Rapports de police et affidavits

[34]  La SPR et la SAR ont douté de l’authenticité des rapports de police présentés en raison des incohérences dans l’apparence des documents. La preuve objective concernant le pays indique que le logo de la police au Nigéria ne varie pas d’une région à l’autre du pays. De plus, il était raisonnable pour la SAR de conclure qu’il était peu probable que la police ait accepté de ne pas prendre de mesures à l’égard d’un acte qui est reconnu comme illégal au Nigéria.

[35]  En outre, la SAR a conclu que les cinq affidavits n’étaient pas fiables et qu’ils étaient frauduleux. D’après la preuve objective au dossier, il était raisonnable pour la SAR de conclure que des notaires ne signeraient pas des affidavits attestant l’homosexualité d’une personne étant donné que l’homosexualité est illégale au Nigéria. Je ne suis pas d’accord avec les demandeurs lorsqu’ils laissent entendre que la SAR a cru à tort que le DP lui-même était homosexuel.
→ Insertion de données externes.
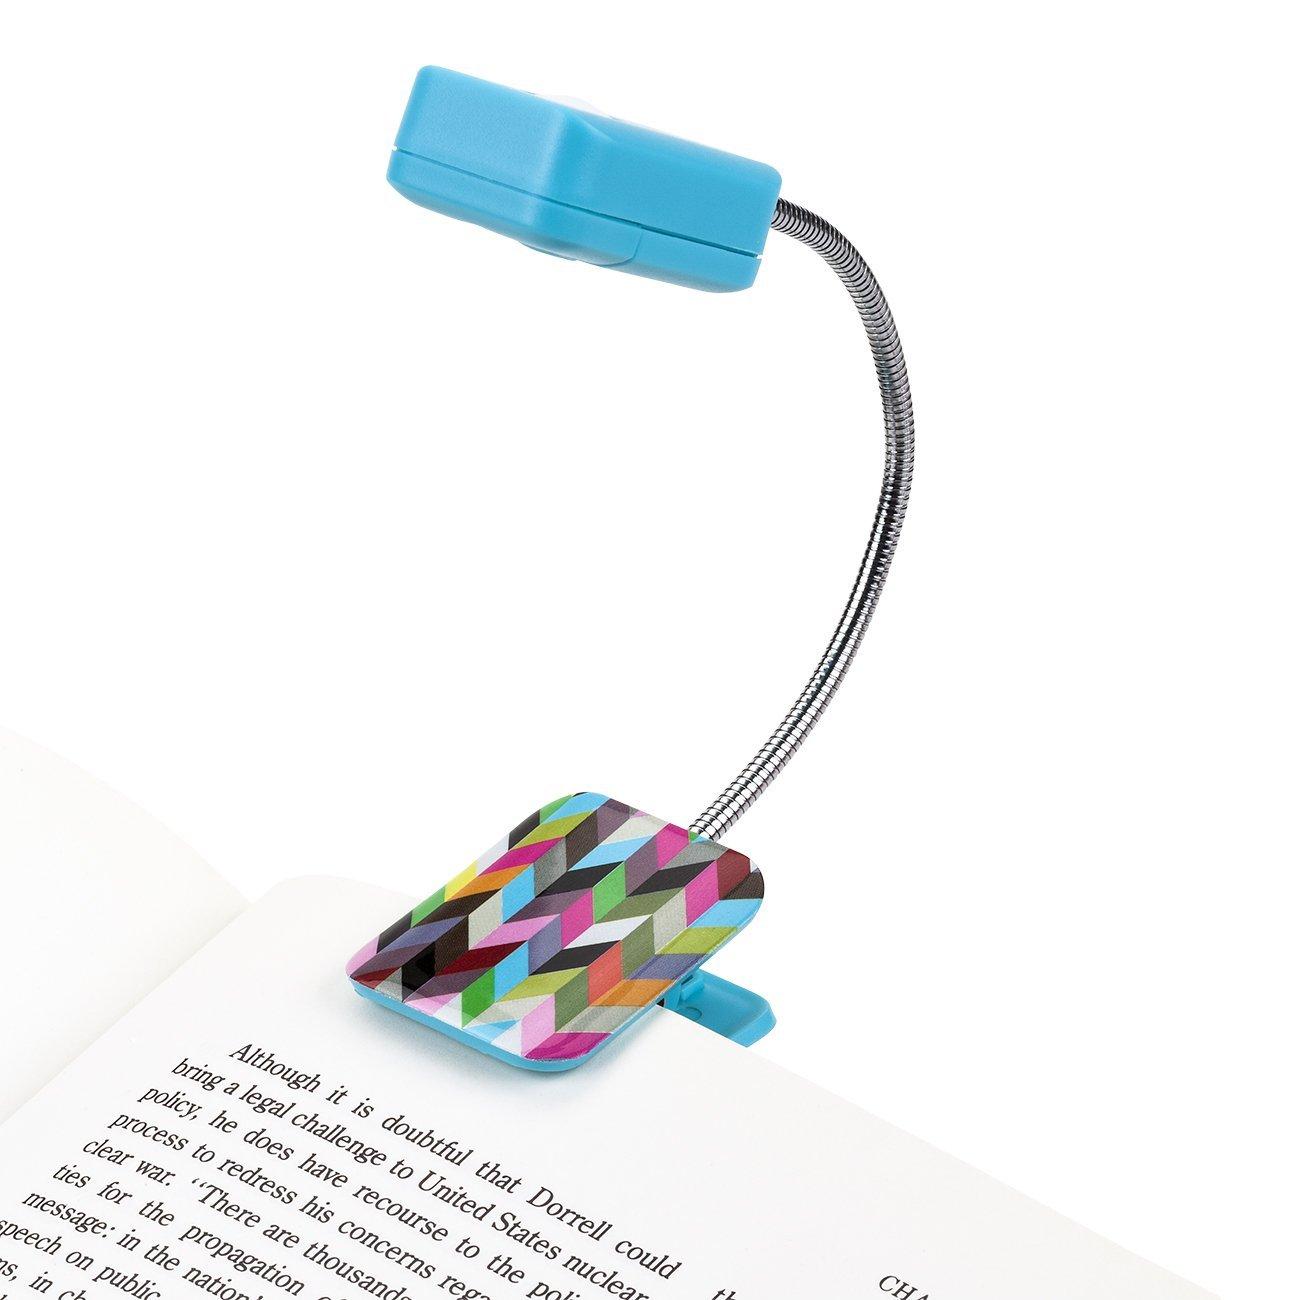 led book light by french bull - ziggy - led book light - WBZGULI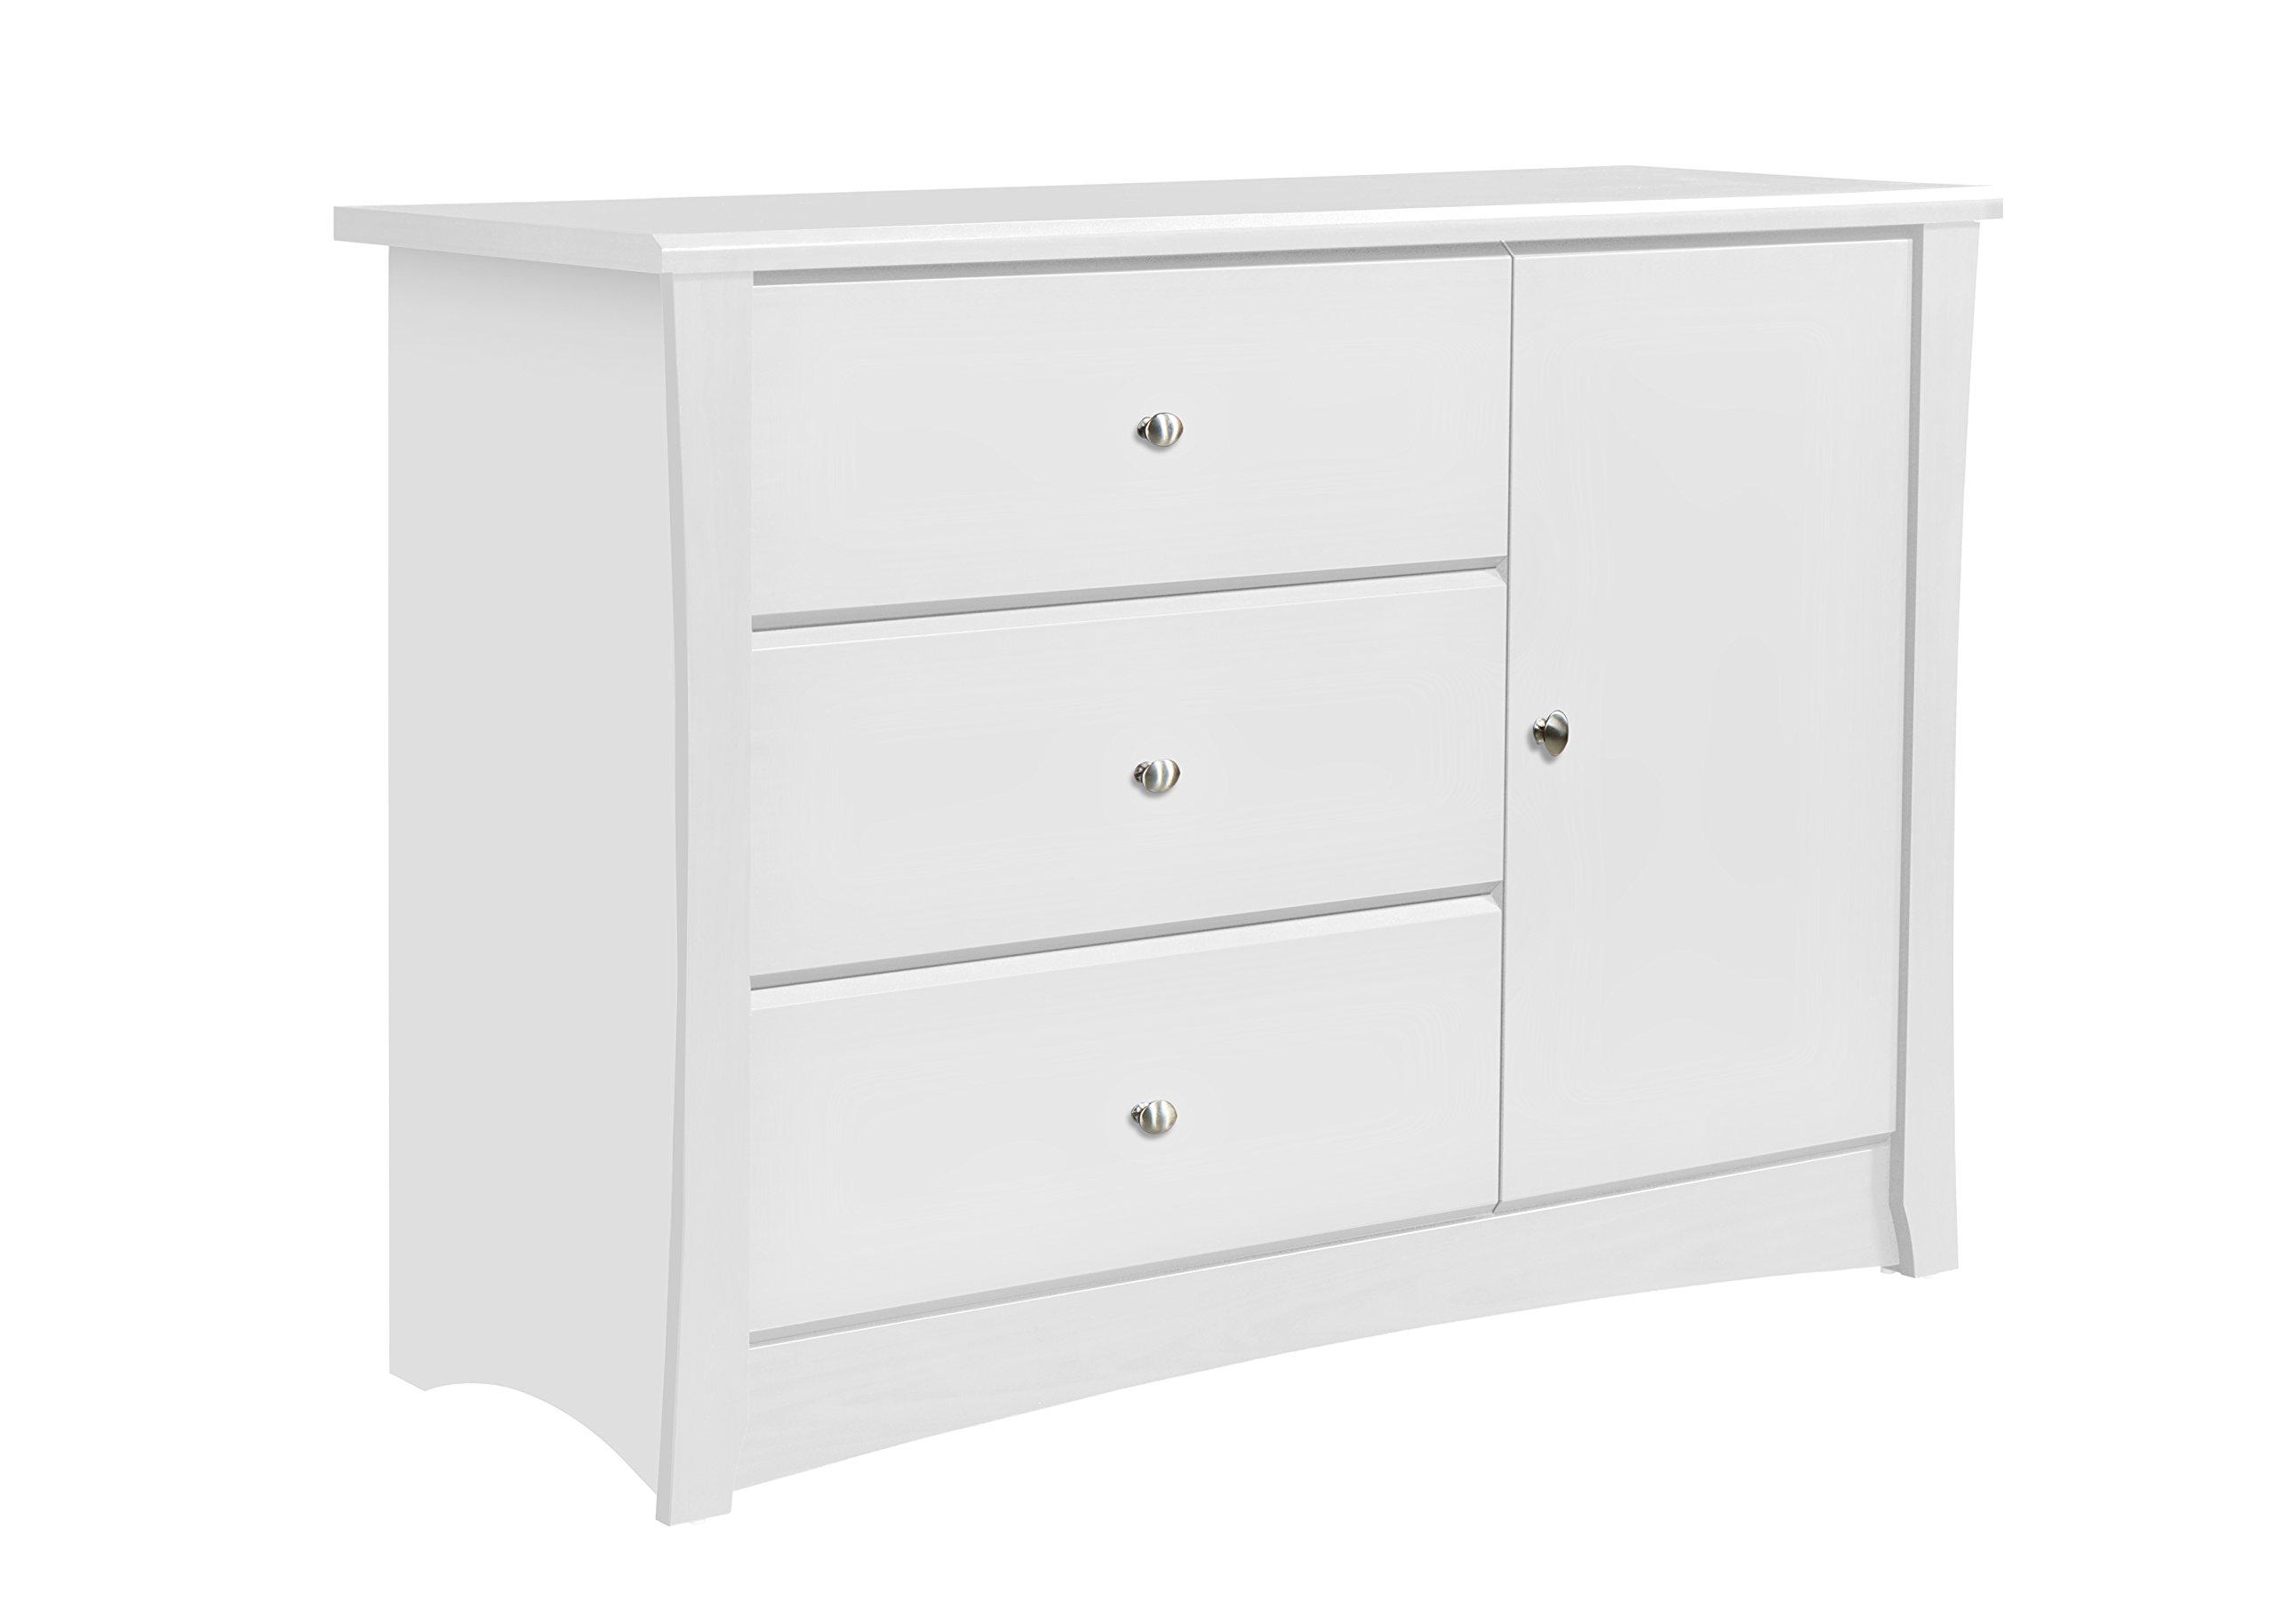 Storkcraft Crescent 3 Drawer Combo Dresser, White by Stork Craft (Image #1)

La SAR a simplement conclu qu’il était peu plausible que des notaires reçoivent les affidavits de déposants reconnaissant ouvertement qu’une personne est homosexuelle étant donné que l’homosexualité est illégale. Il s’agit là d’une conclusion raisonnable.

Rapport psychologique

[36]  Le DP a présenté un rapport psychologique pour expliquer comment ses problèmes psychologiques ont pu avoir une incidence sur sa capacité de témoigner et, par conséquent, sur sa crédibilité apparente.

[37]  Bien que ce rapport fasse état des problèmes de mémoire du DP, aucun diagnostic particulier n’a été posé, si ce n’est un trouble lié au stress. Les problèmes psychologiques du DP entraînent plutôt des périodes de stress, des oublis et des difficultés de compréhension. Bien que cela puisse expliquer le témoignage incohérent du DP au sujet des événements avec l’oncle Joe, cela ne permet pas de remédier aux autres lacunes des preuves documentaires que la SAR a jugées frauduleuses.

Conclusion

[38]  De multiples conclusions de crédibilité relatives à de nombreux facteurs ont amené la SAR à conclure que la demande d’asile n’était pas crédible. Dans de telles circonstances, et dans l’application de la norme de contrôle de la décision raisonnable à la décision, la Cour doit évaluer la décision de la SAR dans son ensemble.

[39]  En l’espèce, la SAR a adéquatement examiné des éléments de preuve et elle les a évalués de manière indépendante lorsque nécessaire. La SAR a fourni des explications intelligibles à l’égard de chaque conclusion défavorable en matière de crédibilité. La SAR a fourni des motifs clairs et convaincants à l’appui de ses conclusions et s’en est remise à bon droit à la SPR sur les questions que celle-ci était mieux à même d’évaluer (Canada (Citoyenneté et Immigration) c Huruglica, 2016 CAF 93, au paragraphe 22).

[40]  Les demandeurs n’ont pas démontré que la SAR a commis une erreur ou manqué à l’équité procédurale. La présente demande de contrôle judiciaire est donc rejetée.